-------- Recorded information --------

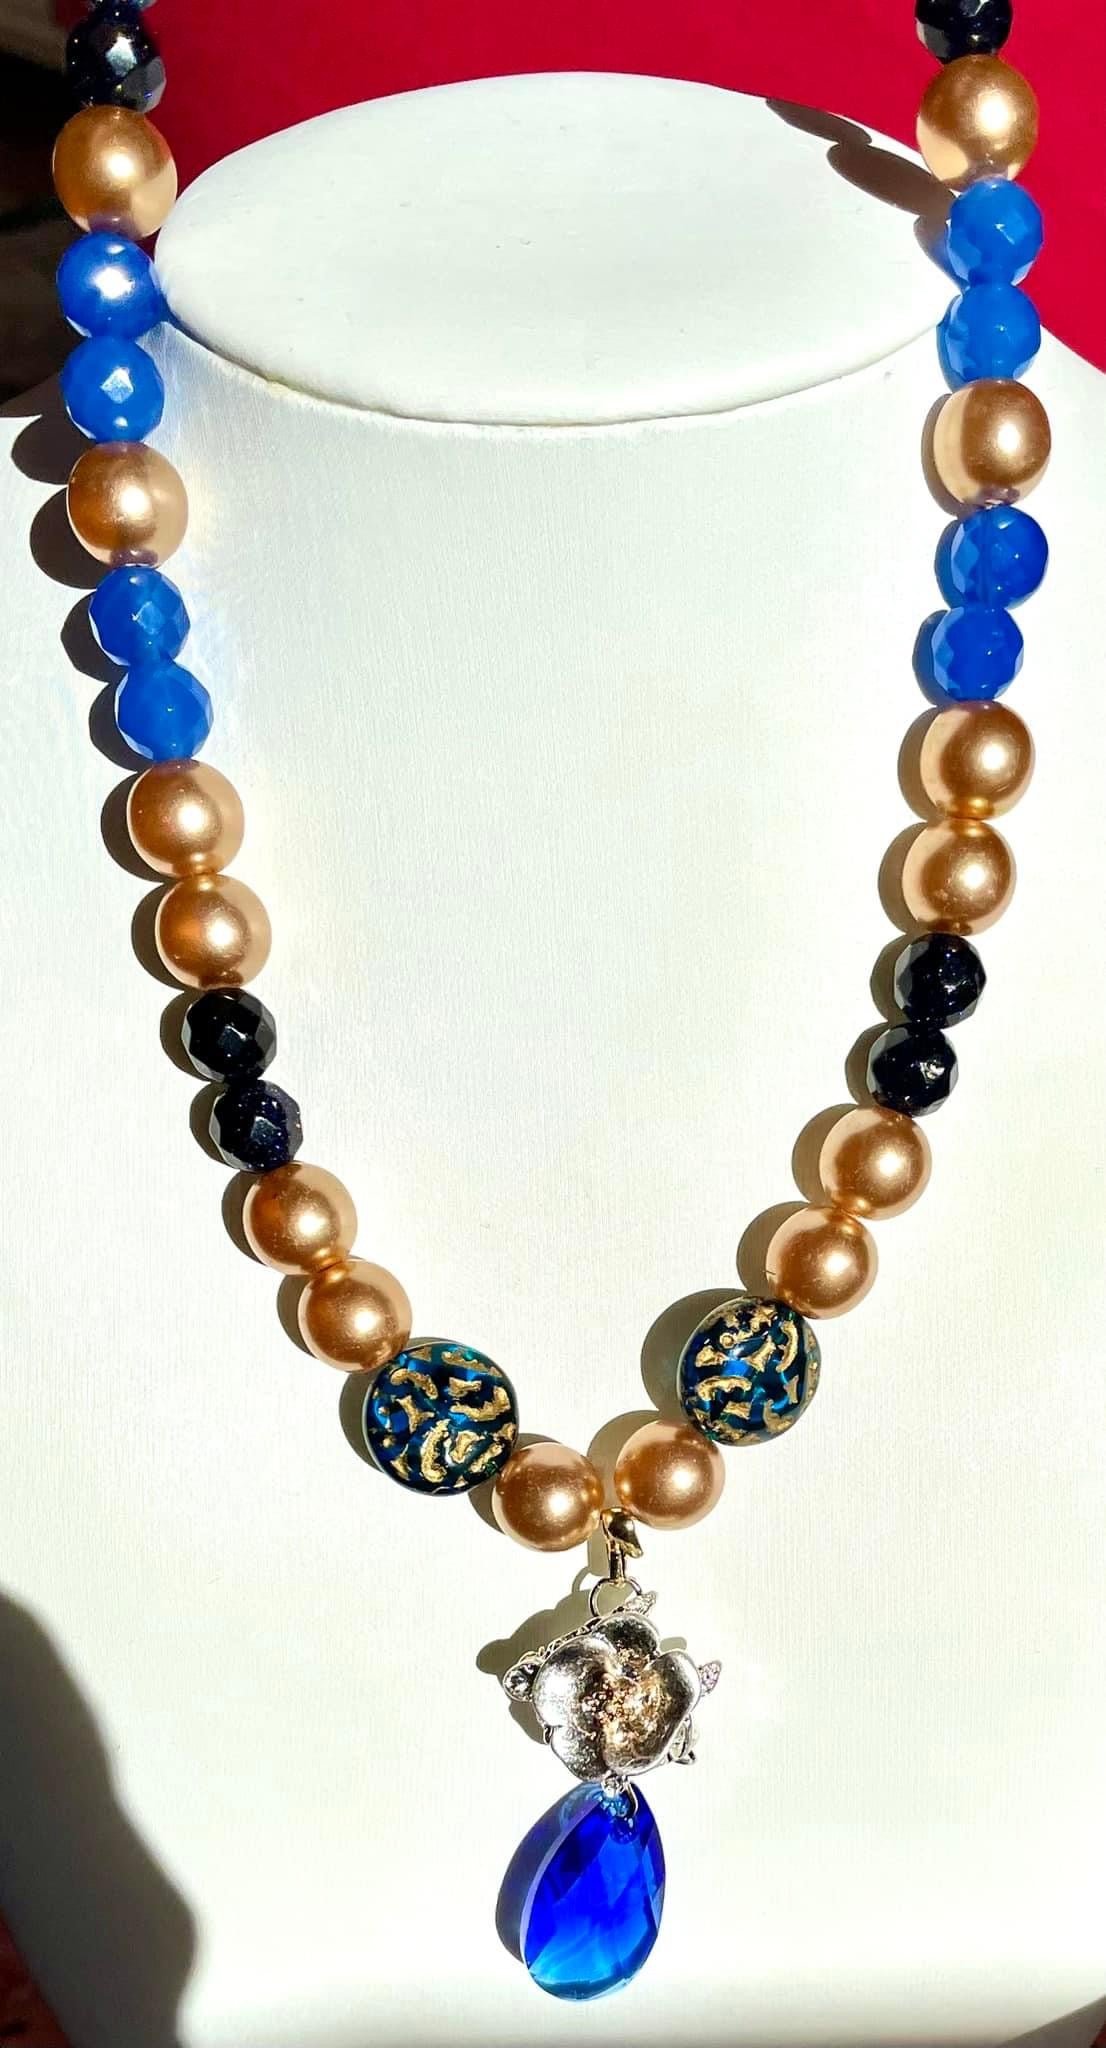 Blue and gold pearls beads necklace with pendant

--------
-------- Recorded information --------

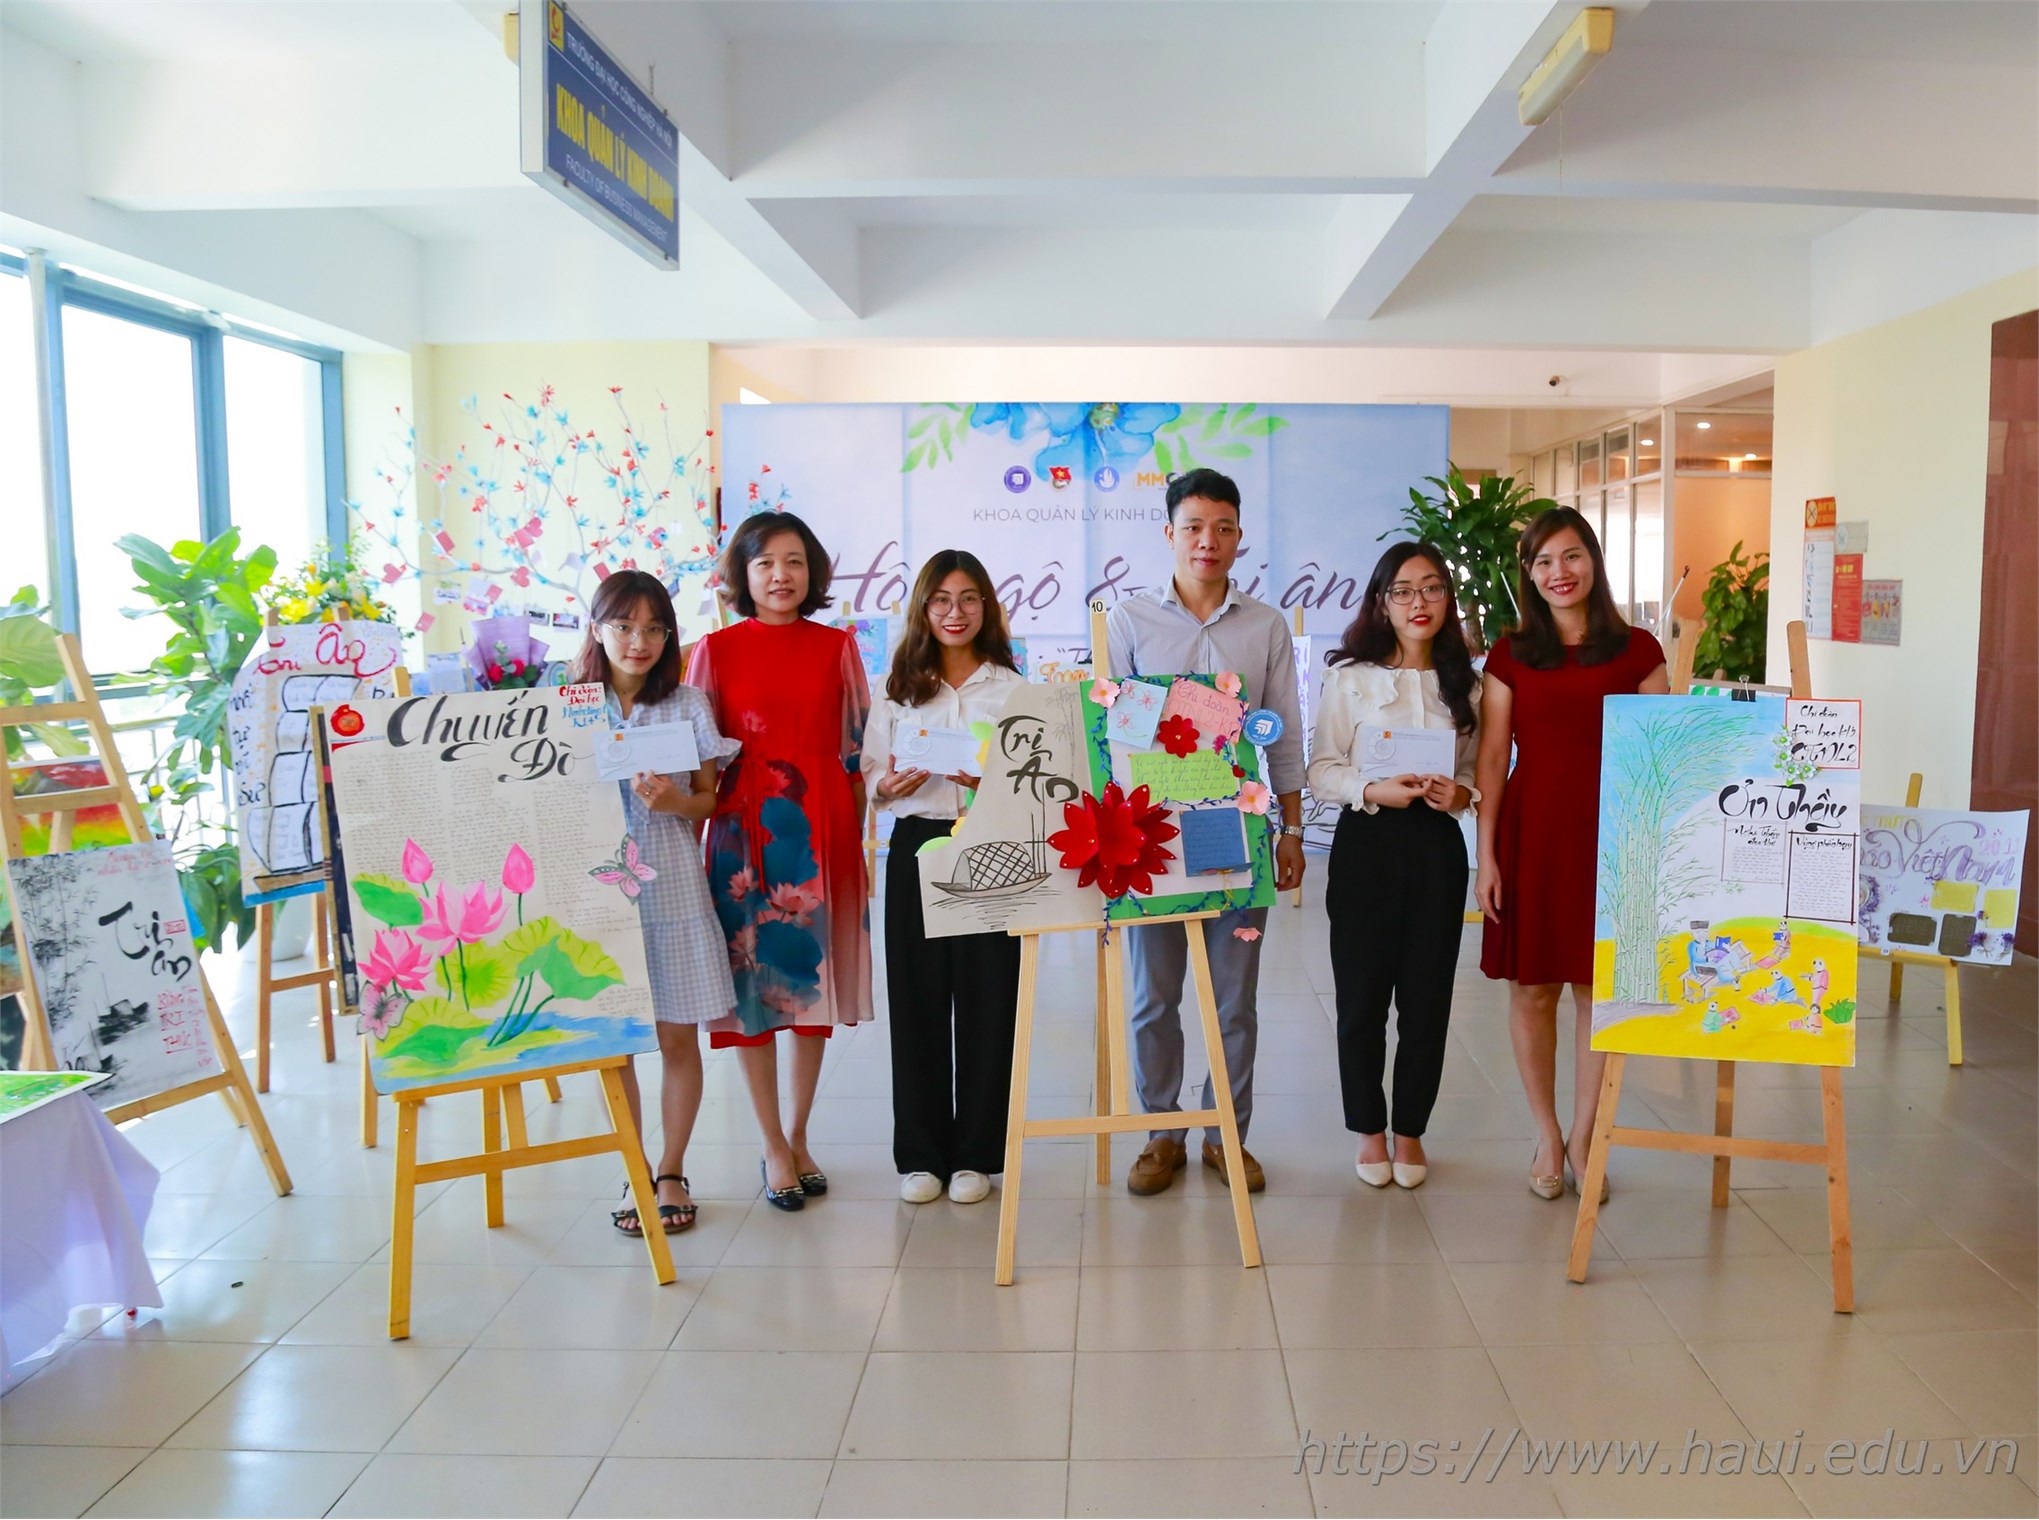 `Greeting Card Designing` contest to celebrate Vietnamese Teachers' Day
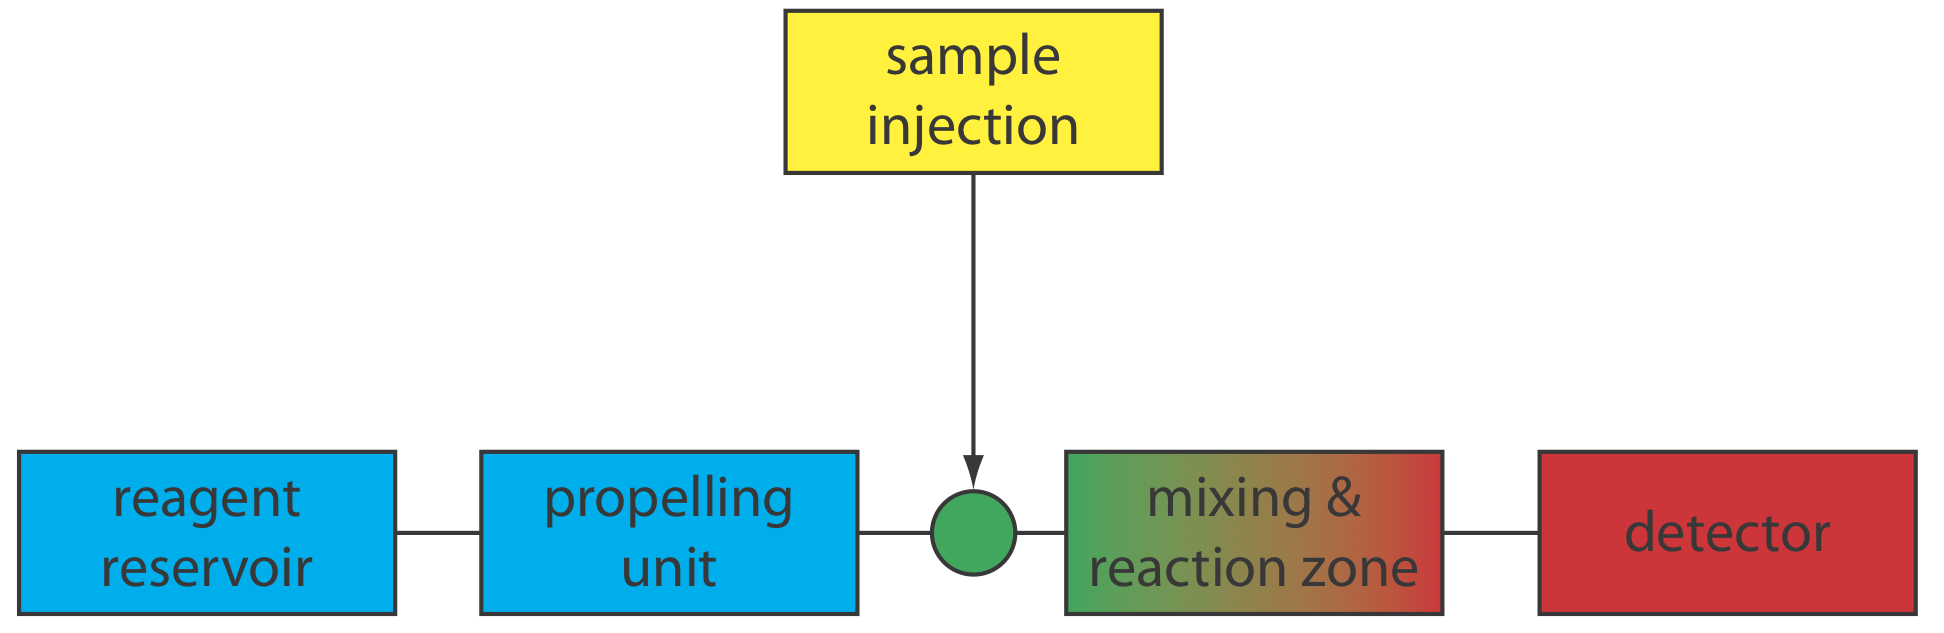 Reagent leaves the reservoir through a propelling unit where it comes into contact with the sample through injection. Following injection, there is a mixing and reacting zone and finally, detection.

--------
-------- Recorded information --------

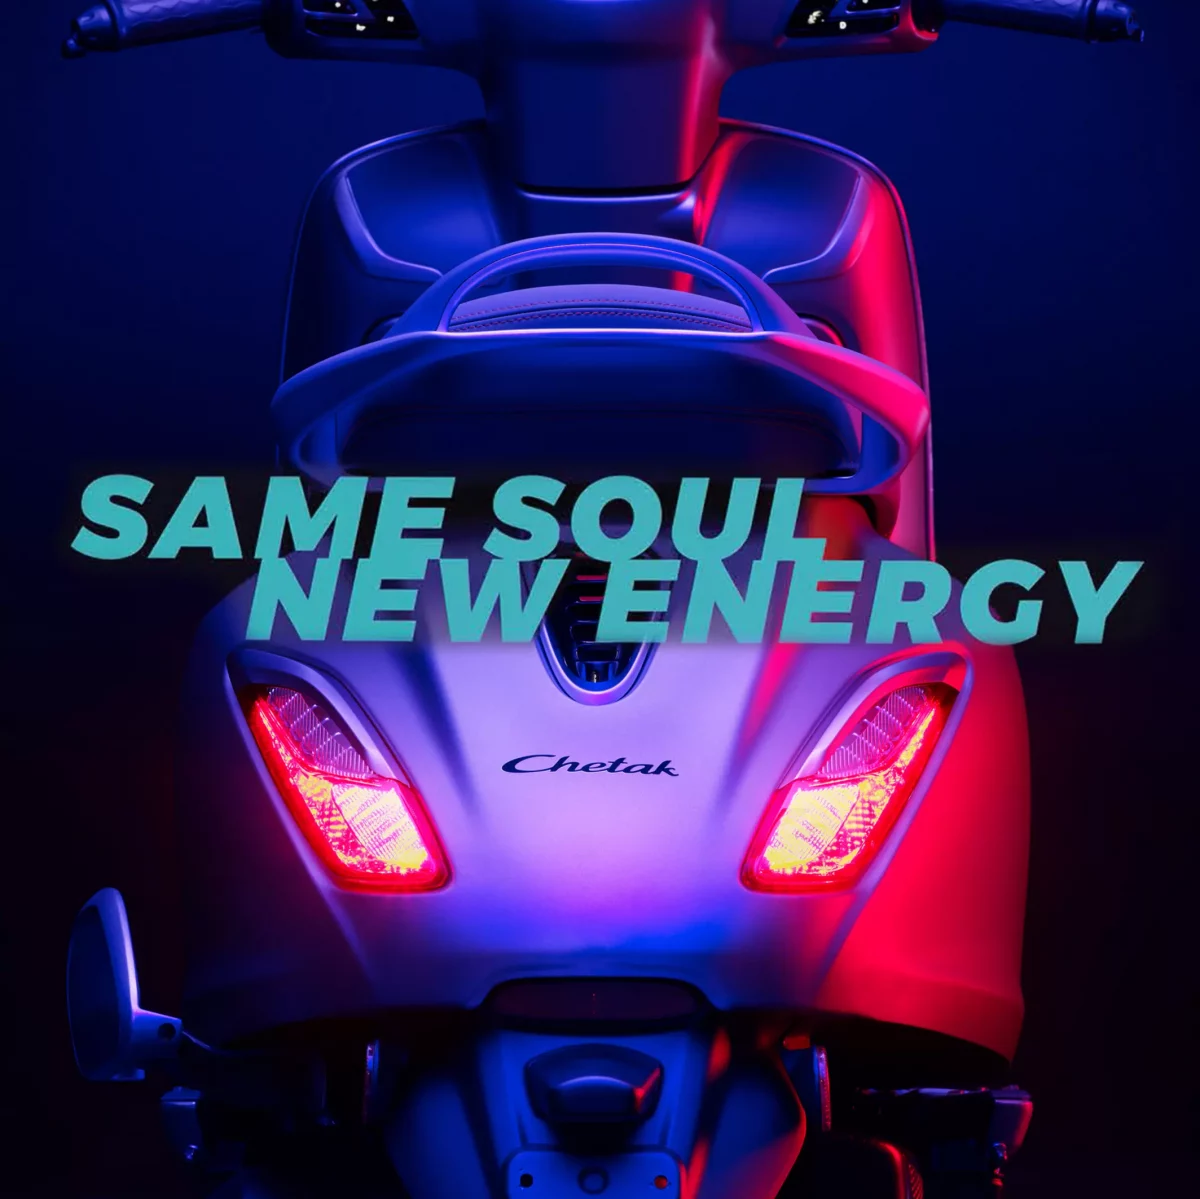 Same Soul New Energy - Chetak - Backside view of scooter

--------

* _Work request_: All pictures are to be skipped. Output, word for word, the lines in the data above starting at the line containing "Vietnamese Teachers' Day" and ending at the line containing "Reagent leaves the".

* _Response to the task_:
 `Greeting Card Designing` contest to celebrate Vietnamese Teachers' Day
 Reagent leaves the reservoir through a propelling unit where it comes into contact with the sample through injection. Following injection, there is a mixing and reacting zone and finally, detection.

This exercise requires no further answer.